Personally I think that if you are fortunate enough not to need anything by the time you get married to the extent that you don't want gifts,it might be time to think of those less fortunate and ask those who WANT to to donate to a charity instead.

We got married over 20 years ago when we, and our friends, were pretty skint. I take real pleasure every day in seeing various vases, candlesticks etc. that were wedding presents. Nothing flash, but they are a constant reminder of people who now live a long way away.

ceres · 30/04/2012 07:59

"A wedding I went to asked for donations to Oxfam - wonderful idea"

i disagree. if i go to a wedding i want to give the couple a present. i dislike being told to give to charity - i already do so and i choose who i donate to.

i always give money as a wedding gift, if the couple concerned then choose to give it to charity/spend it on the weekly shopping/buy something for their home then that is entirely up to them. i don't give presents with conditions attached.
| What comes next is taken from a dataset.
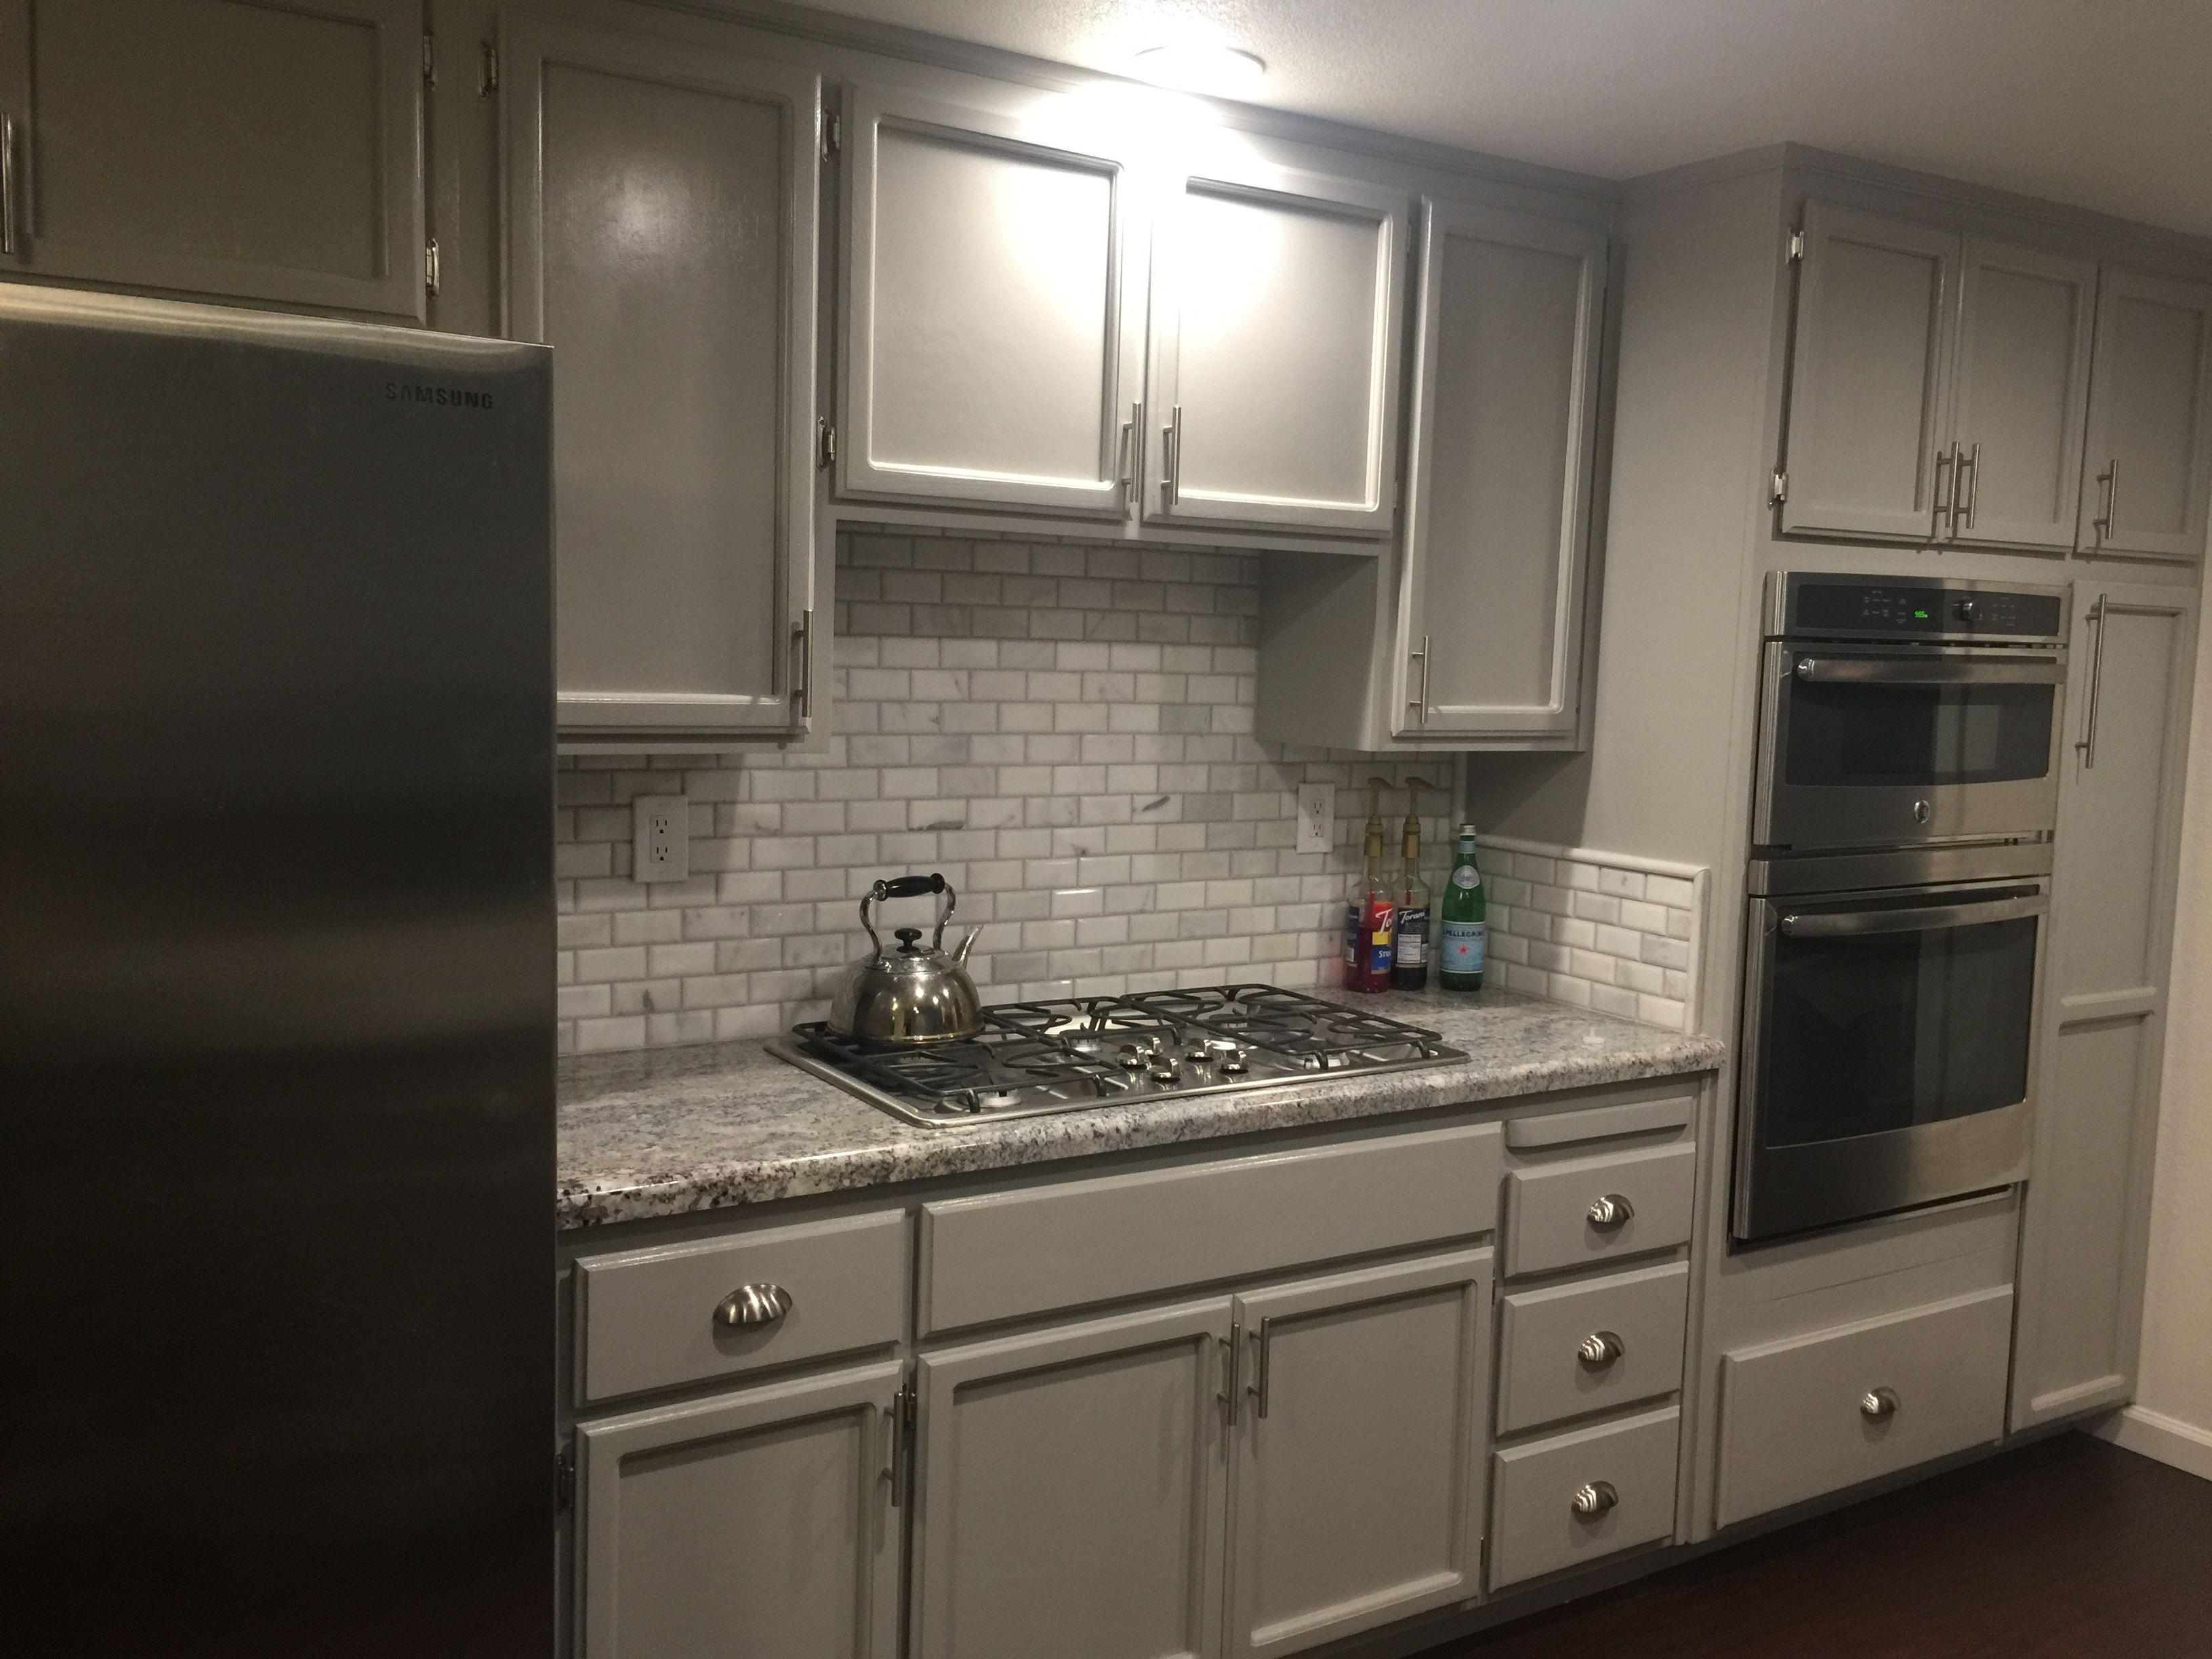 Monte Cristo Granite Marble backsplash tiles and grey
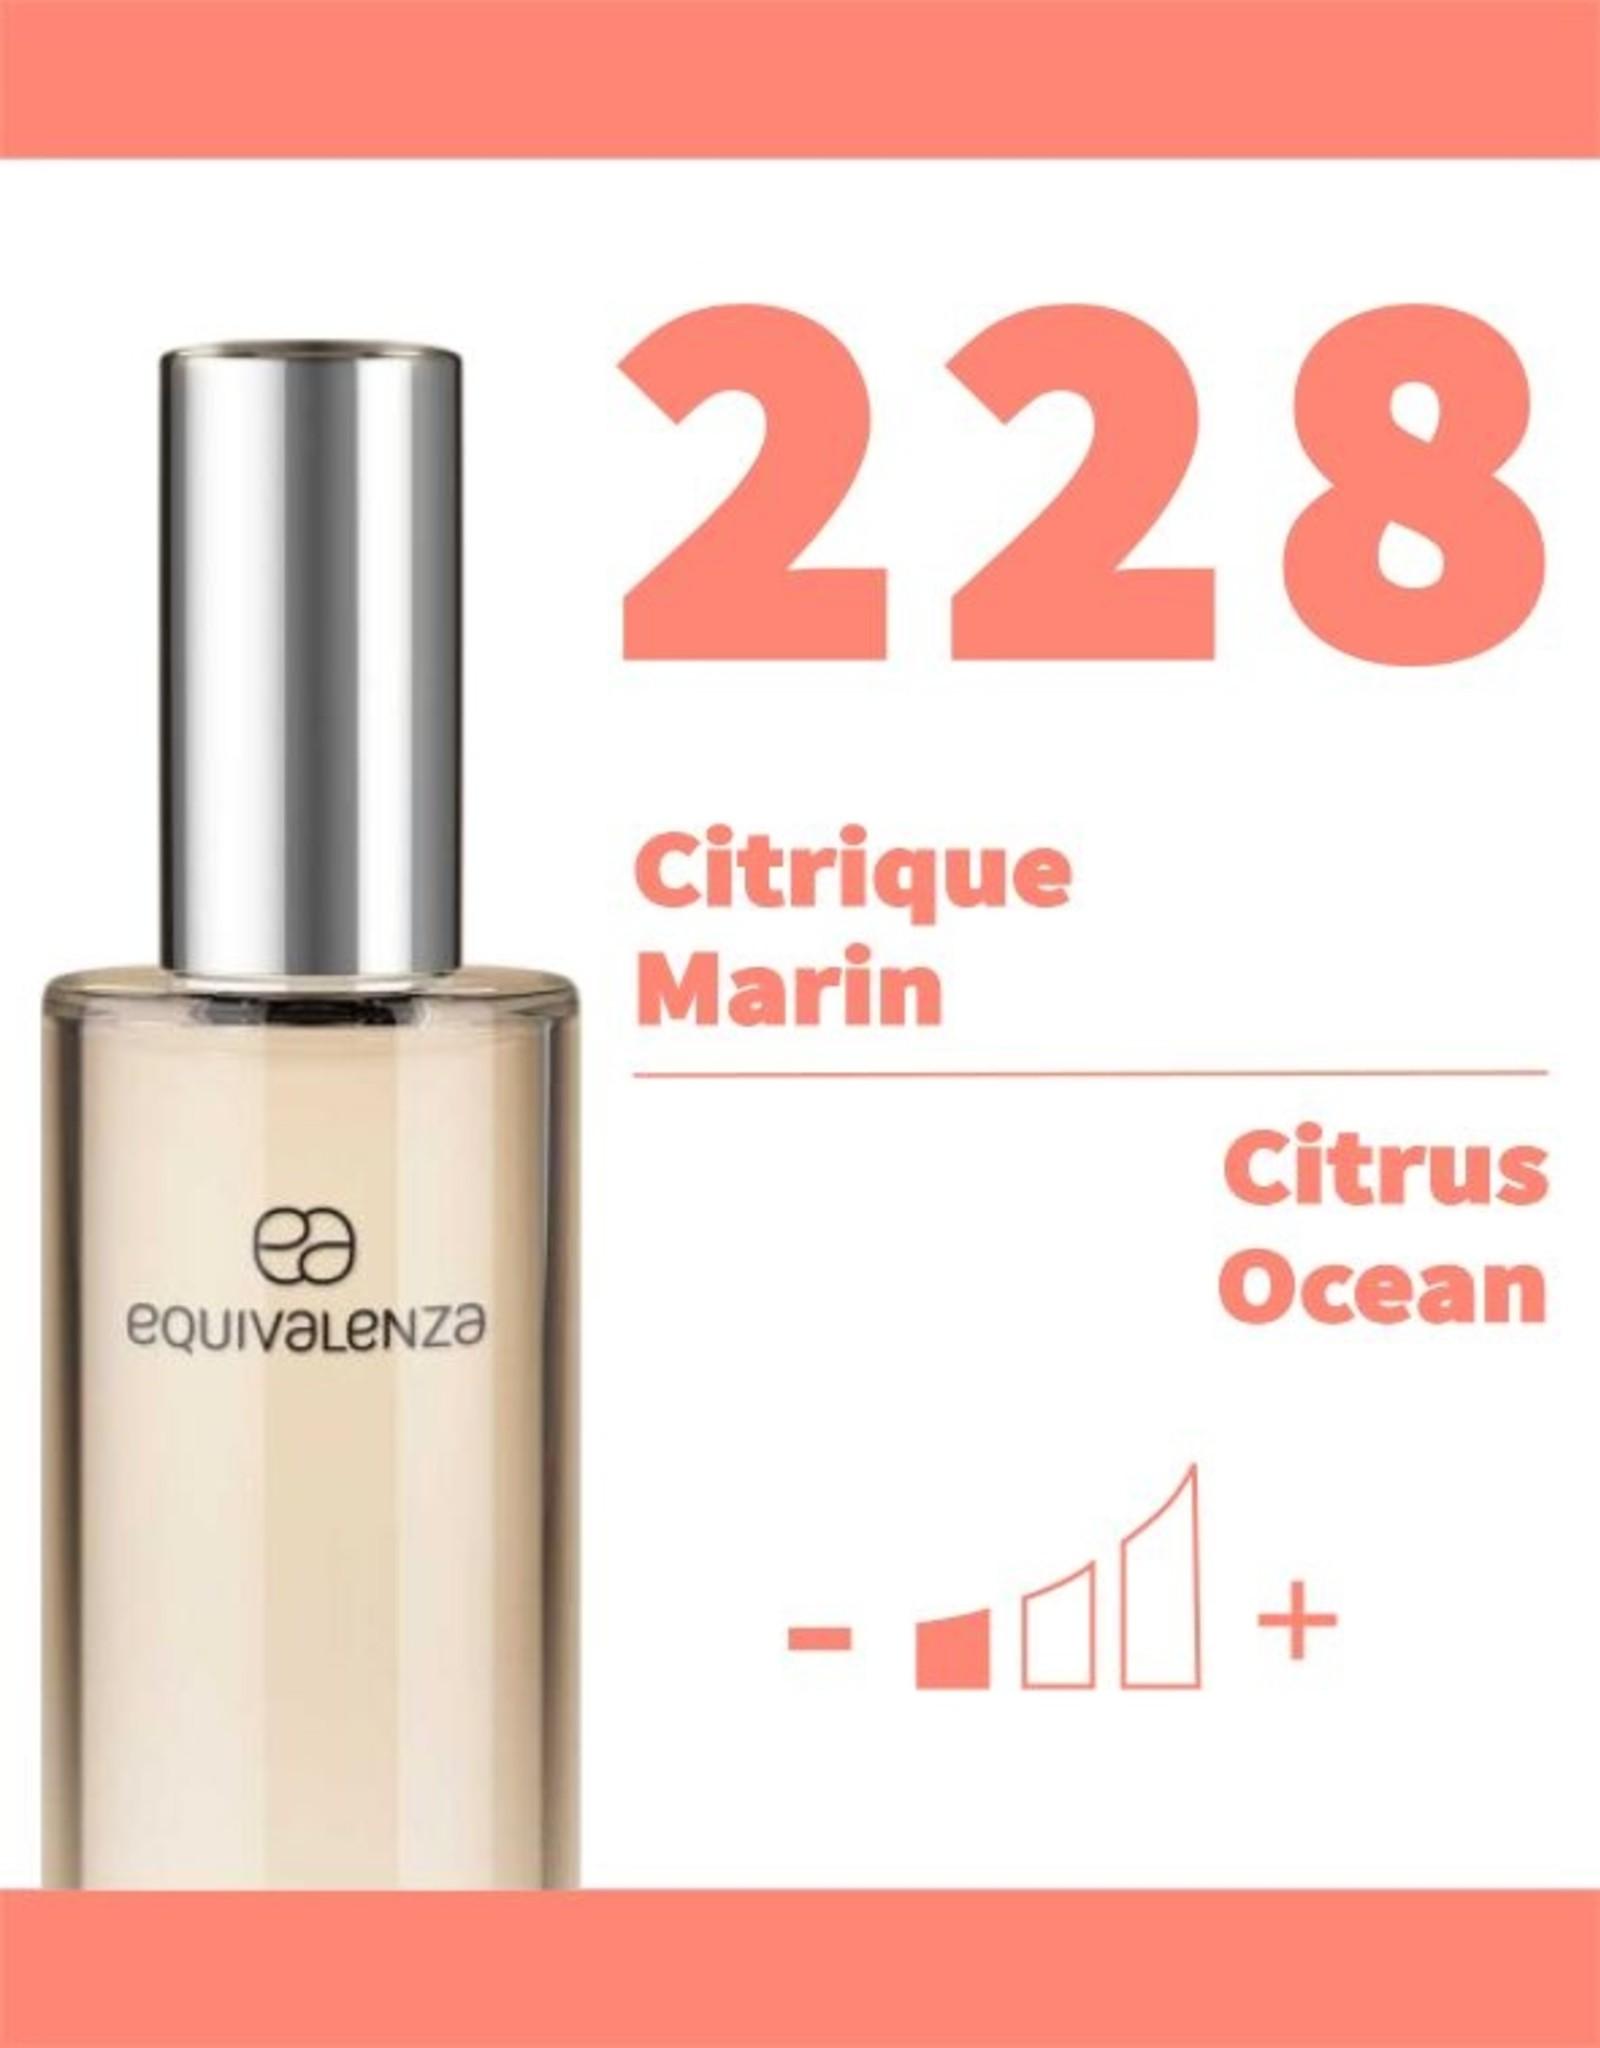 Equivalenza Citrus Ocean 228

any mention of presents at all is really not polite. although i don't shudder or anything when i receive a wedding list or request for money with an invitation. i know it is accepted as common practice. i still think it is impolite though.

mind you, i also think inviting single guests without a plus one is impolite. and having a seperate guest list for the day and evening. and not inviting partners/spouses is beyond impolite, it is rude.